One of the main pursuits in proteomics is to understand the complex network of protein-protein Interactions (PPI) that underpin biological processes. Two major classes of PPI are domain-domain interactions (DDI) between globular proteins, and domain-motif interactions (DMI) between a globular domain and a short linear motif (SLiM) in its partner. Advances in high-throughput experimental techniques have been applied at large-scale in an attempt to characterise the interactome of various organisms. However, PPI networks being identified by these high-throughput experiments have low resolution as compared to low-throughput technologies, such as protein co-crystallization. Furthermore, large-scale approaches may be poor at capturing low affinity or transient interactions, which includes the majority of known DMI. To date, several studies have been conducted to identify how well these PPI data can capture protein complexes, but the ability of high-throughput PPI-detection methods to capture DMI remains a largely unanswered question.
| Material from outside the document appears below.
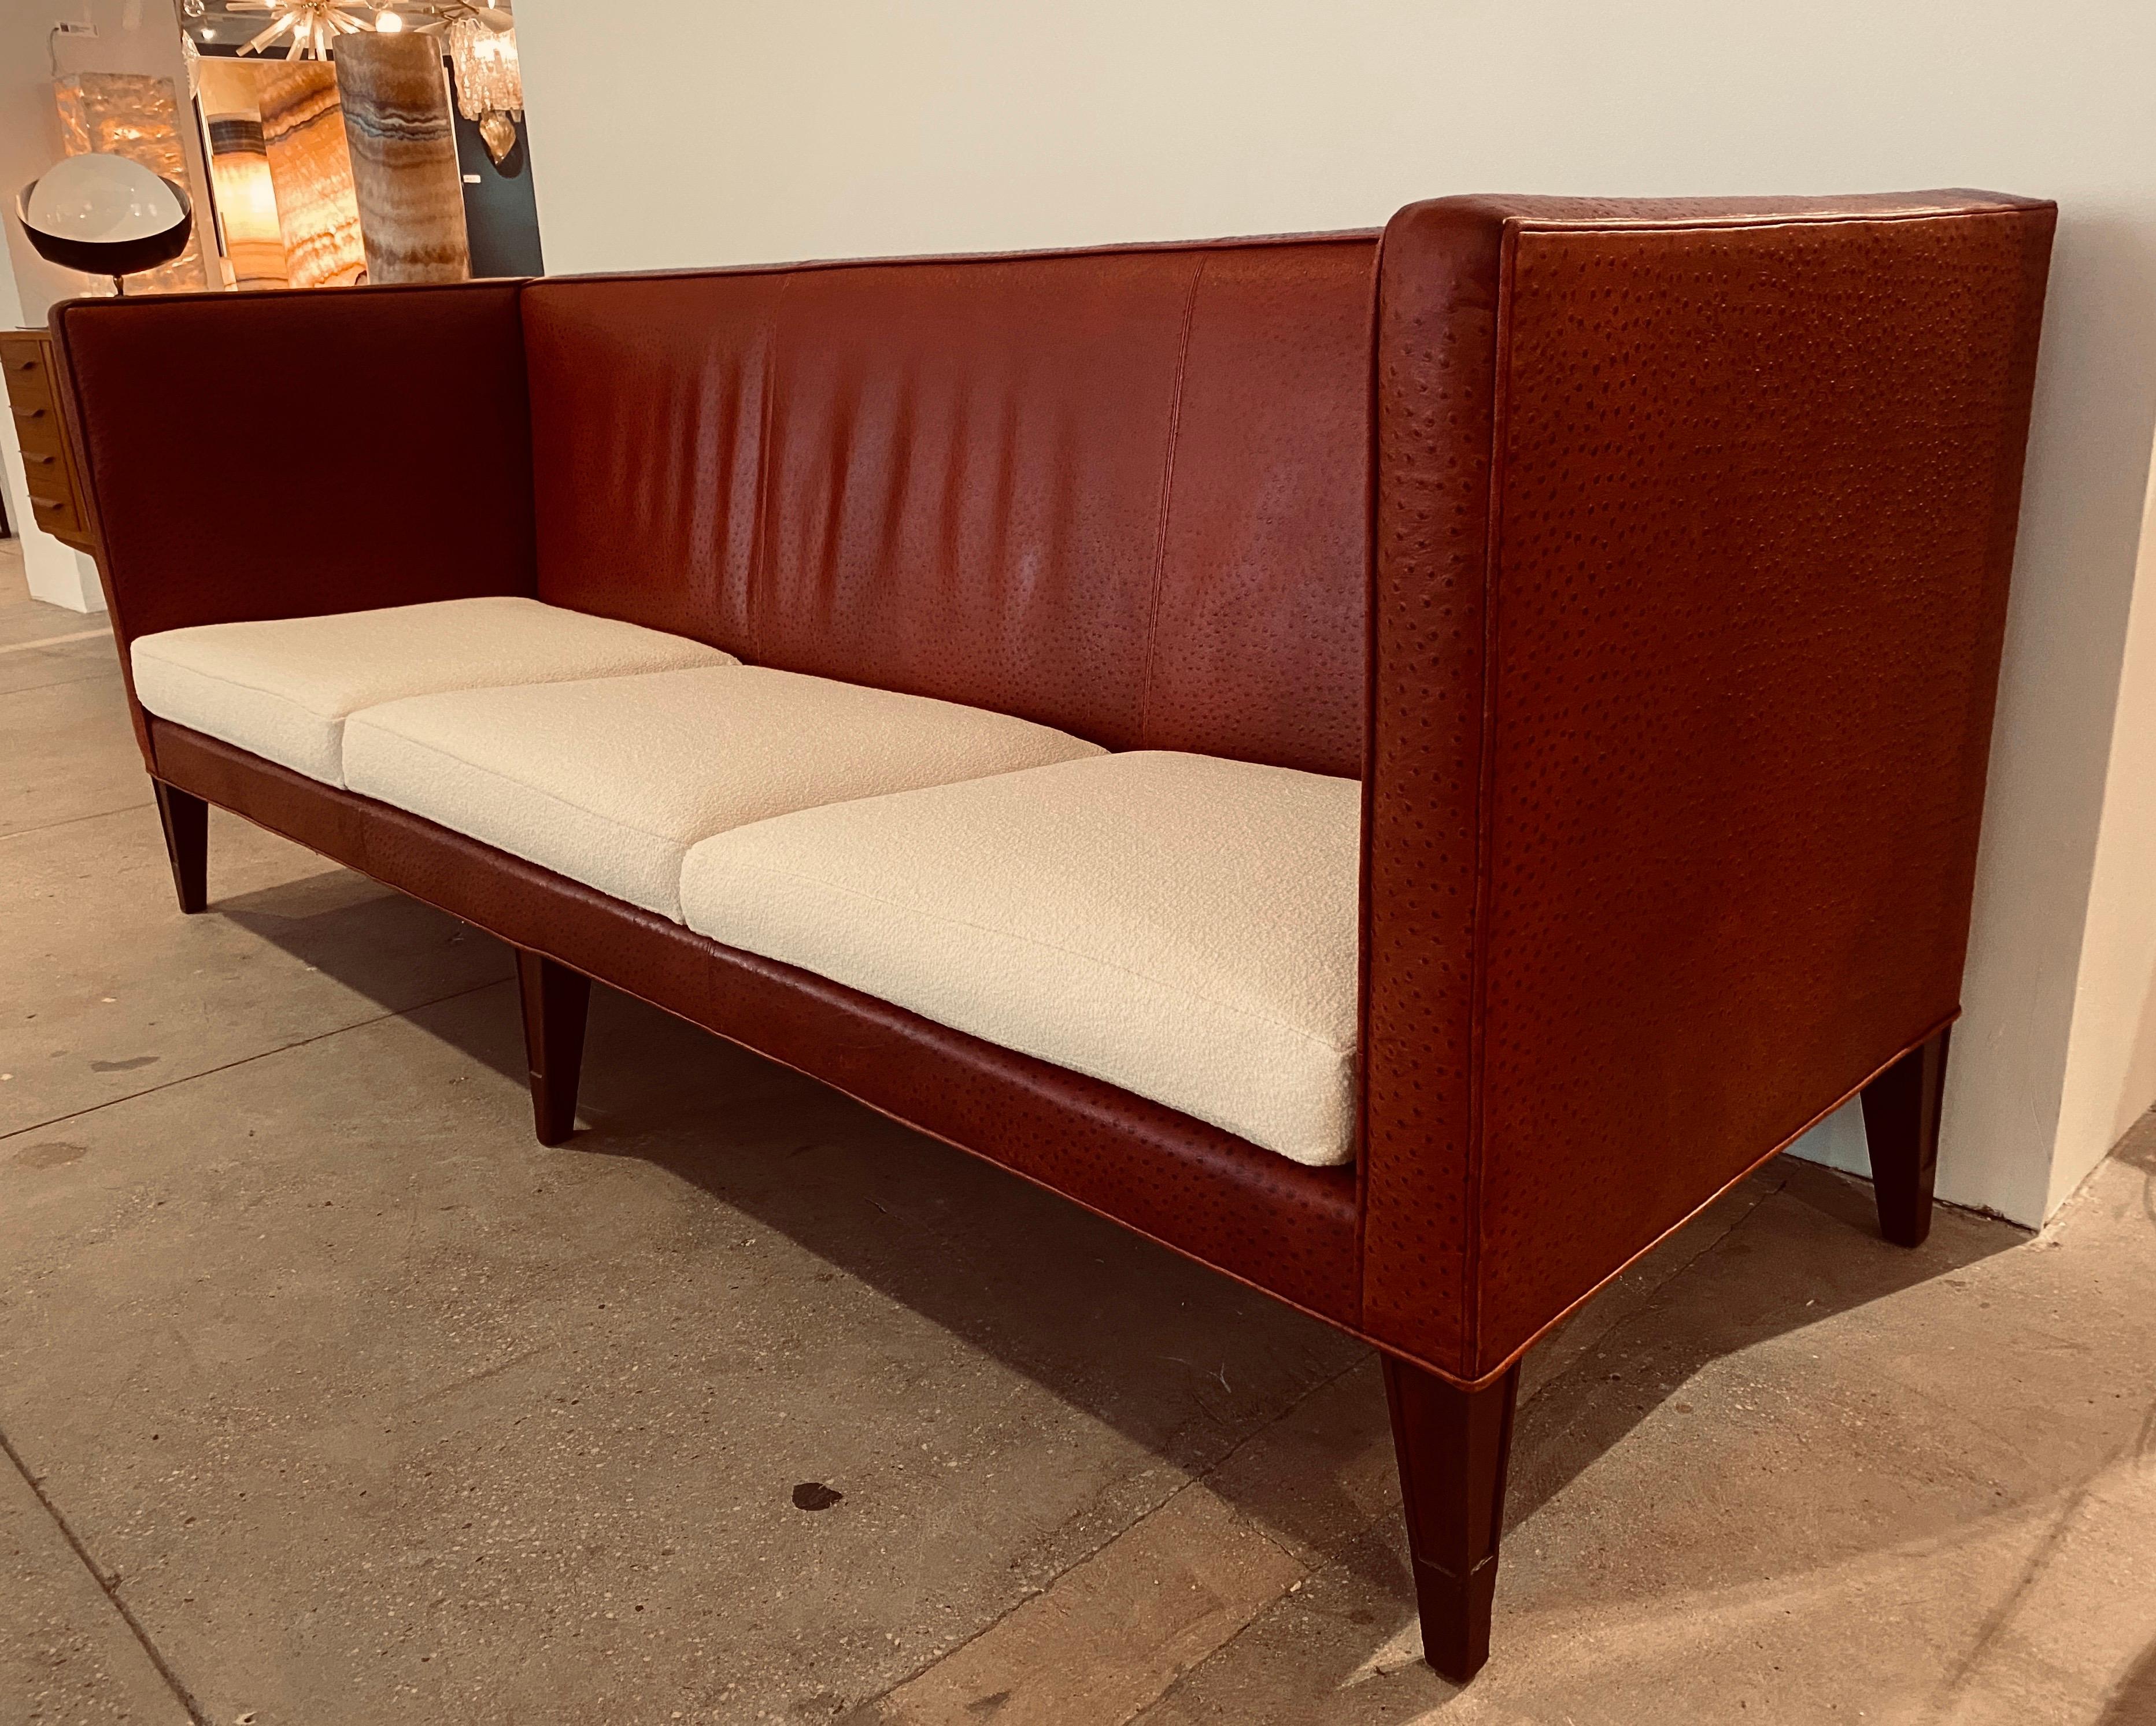 Philippe Starck Redwood Room Clift Hotel Leather Sofa 9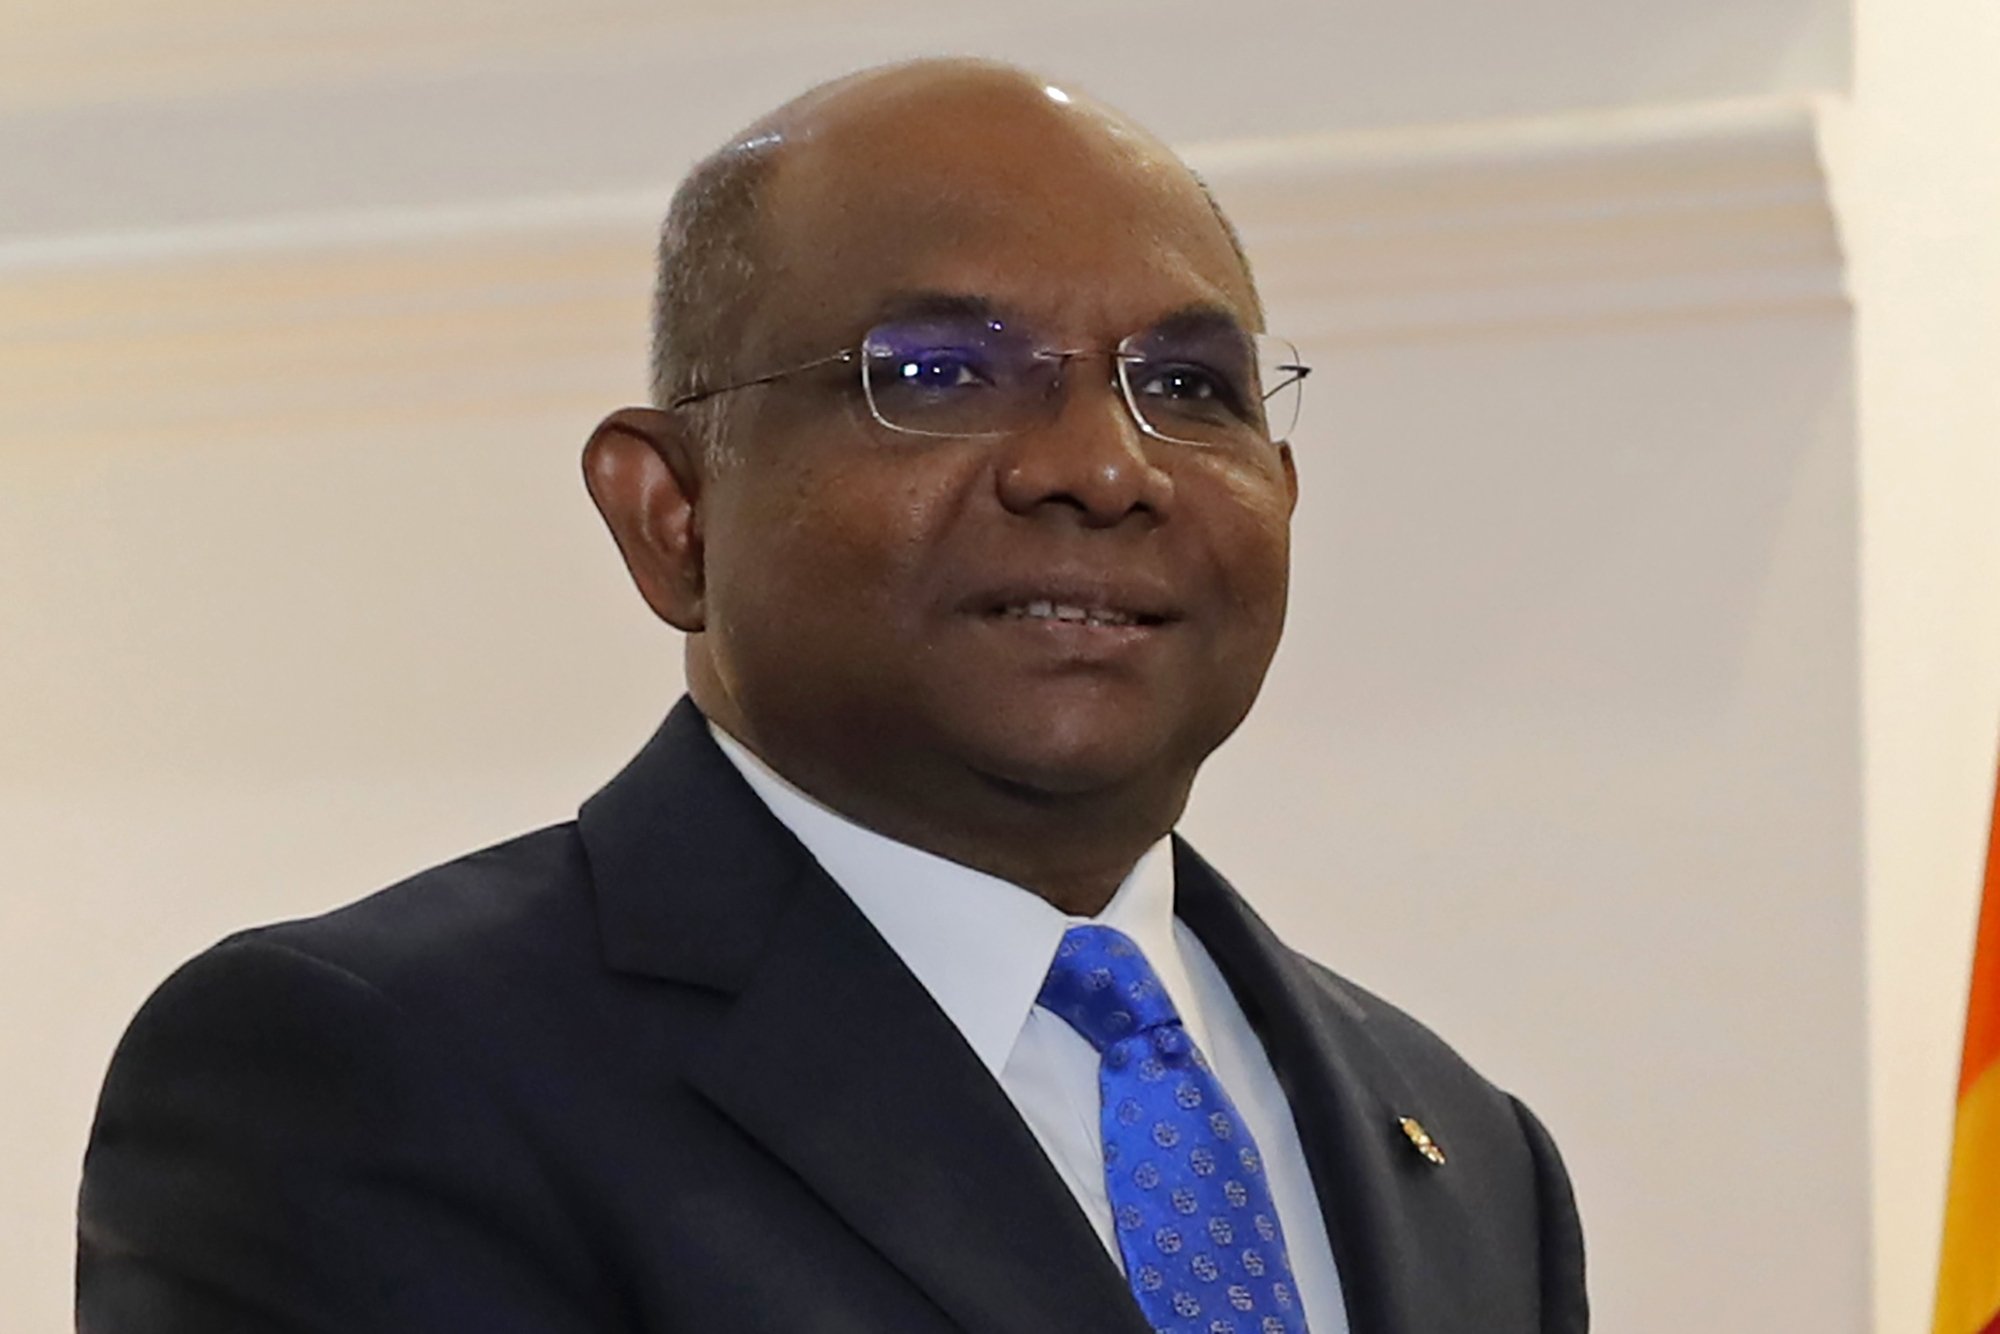 ‘We (India-Maldives) have good friendship that’s reaping benefits’, says Abdulla Shahid

To help system biologists choose appropriate methods for predicting different types of interactions, we conducted a comprehensive comparison study on existing high-throughput PPI datasets. We have integrated PPI data, SLiM predictions, domain compositions and known SLiM-domain binding partnerships to identify possible DMI and DDI within interactomes. We identify PPI data that are enriched for DMI or DDI versus a background expectation generated by randomising the PPI within the network. Despite returning relatively few experimentally validated DMI when compared to interaction databases, we present evidence that high-throughput PPI data is enriched for DMI and thus potentially useful for the prediction of novel SLiMs. We discuss the relative merits of co-fractionation followed by mass spectrometry (CoFrac-MS), affinity purification coupled mass spectrometry (AP-MS), and yeast two hybrid (Y2H) for capturing DMI and DDI, as well as potential quality versus quantity trade-offs in DMI prediction.